### [Problem to work on]
Repeat the listing exactly. Pictures stay out of your copy.

### [Dataset section]
╔══
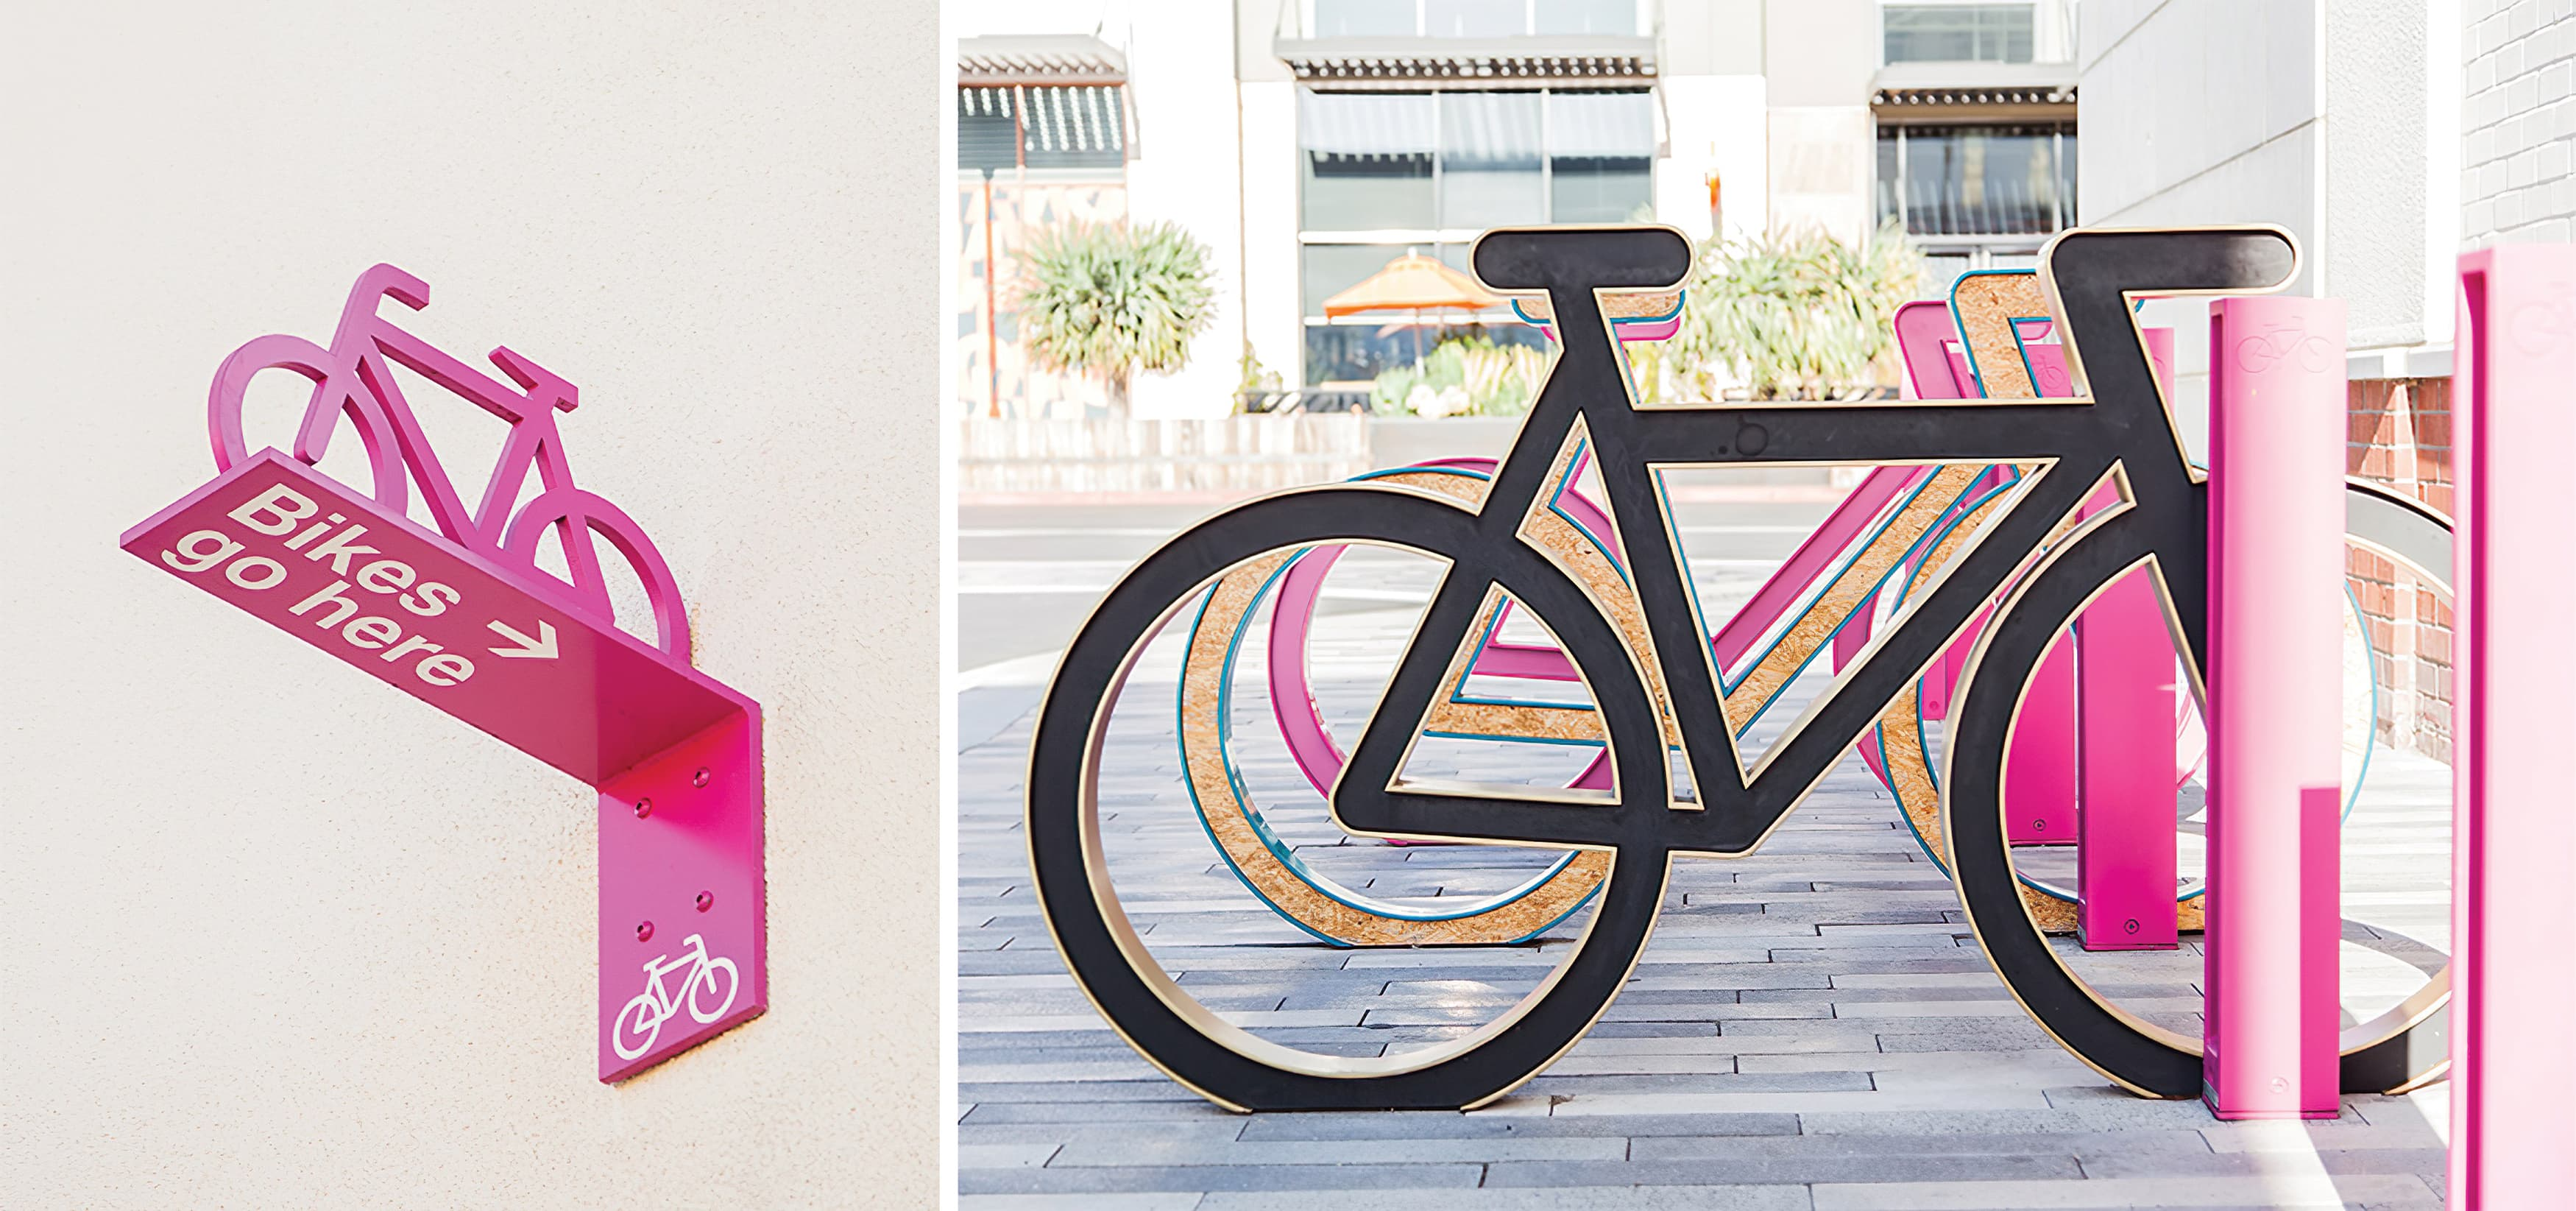 Monet Avenue shopping district bike parking amenity design
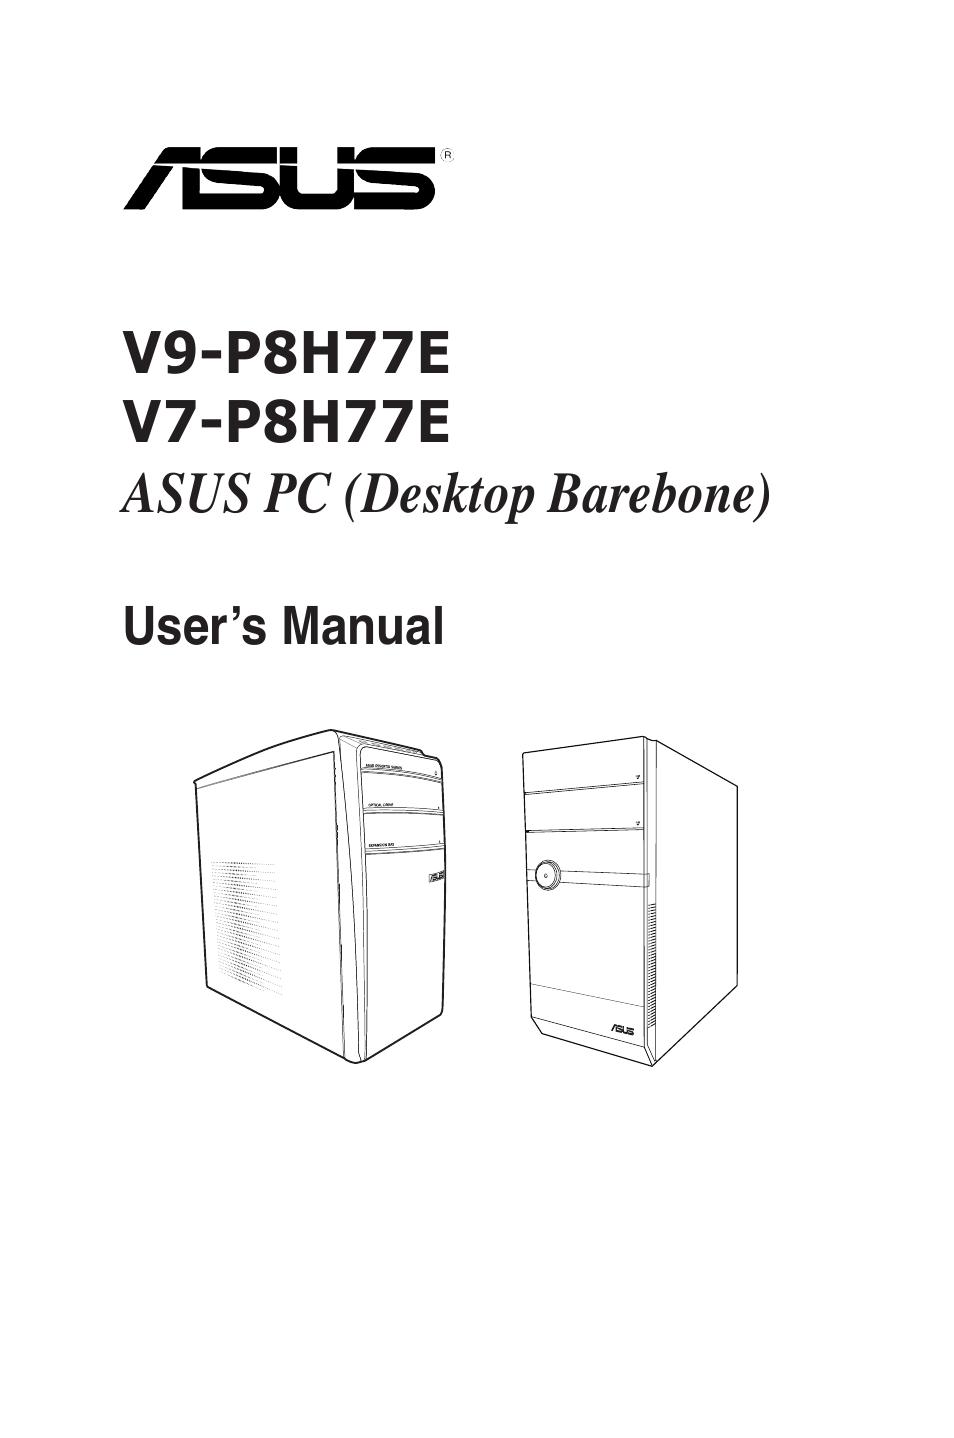 asus v9 p8h77e user manual 90 pages also for v7 p8h77e rh manualsdir com Desktop Computer Desktop Computer
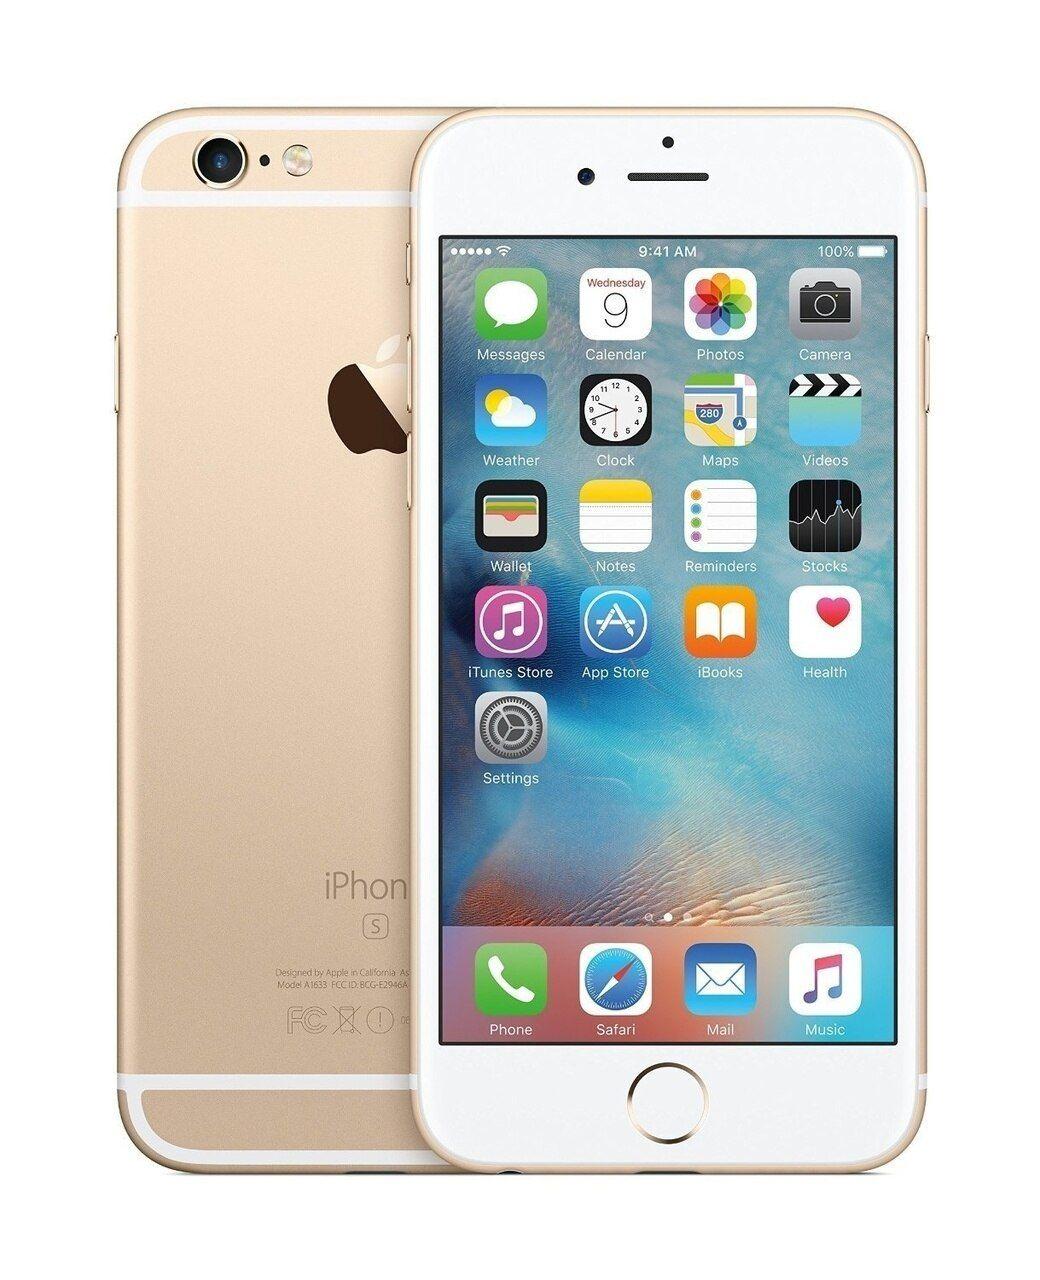 Apple Iphone 6 16gb Gsm Unlocked 4g Lte Smartphone Refurbished Iphone Apple Iphone Apple Iphone 6s Plus
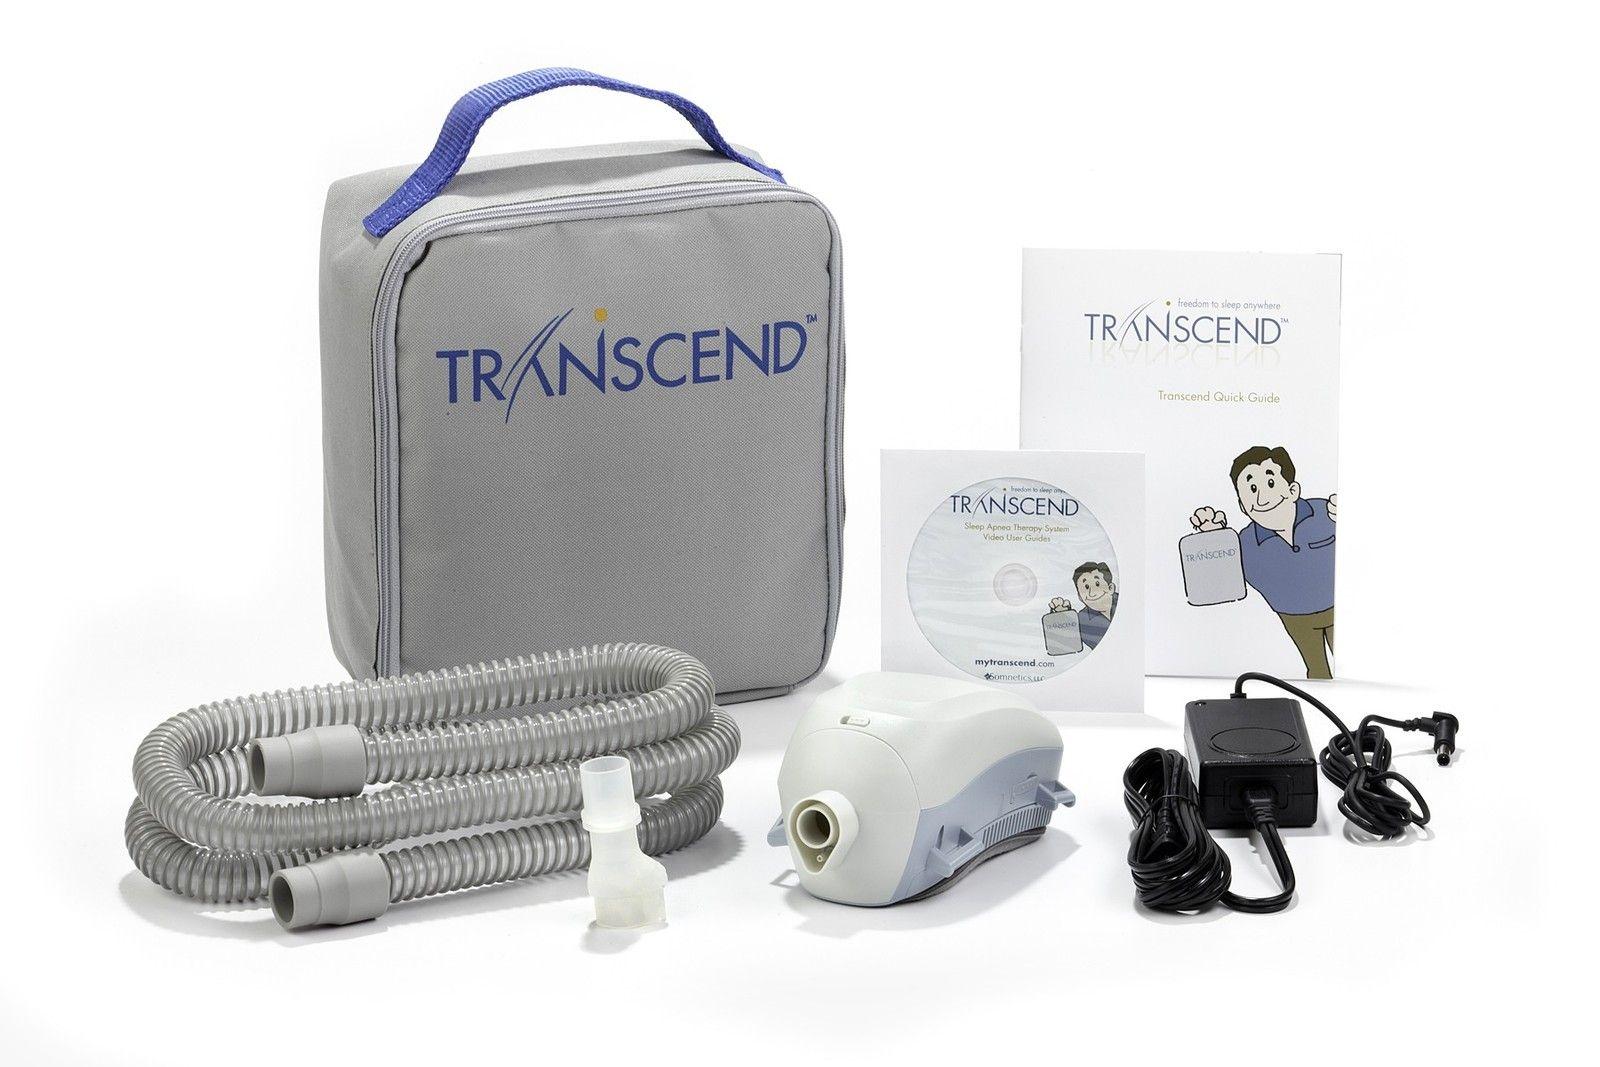 Transcend CPAP Starter Kit Cpap Machines Sleep apnea
╚══
### [Task response]
 Monet Avenue shopping district bike parking amenity design
 asus v9 p8h77e user manual 90 pages also for v7 p8h77e rh manualsdir com Desktop Computer Desktop Computer
 Apple Iphone 6 16gb Gsm Unlocked 4g Lte Smartphone Refurbished Iphone Apple Iphone Apple Iphone 6s Plus
 Transcend CPAP Starter Kit Cpap Machines Sleep apnea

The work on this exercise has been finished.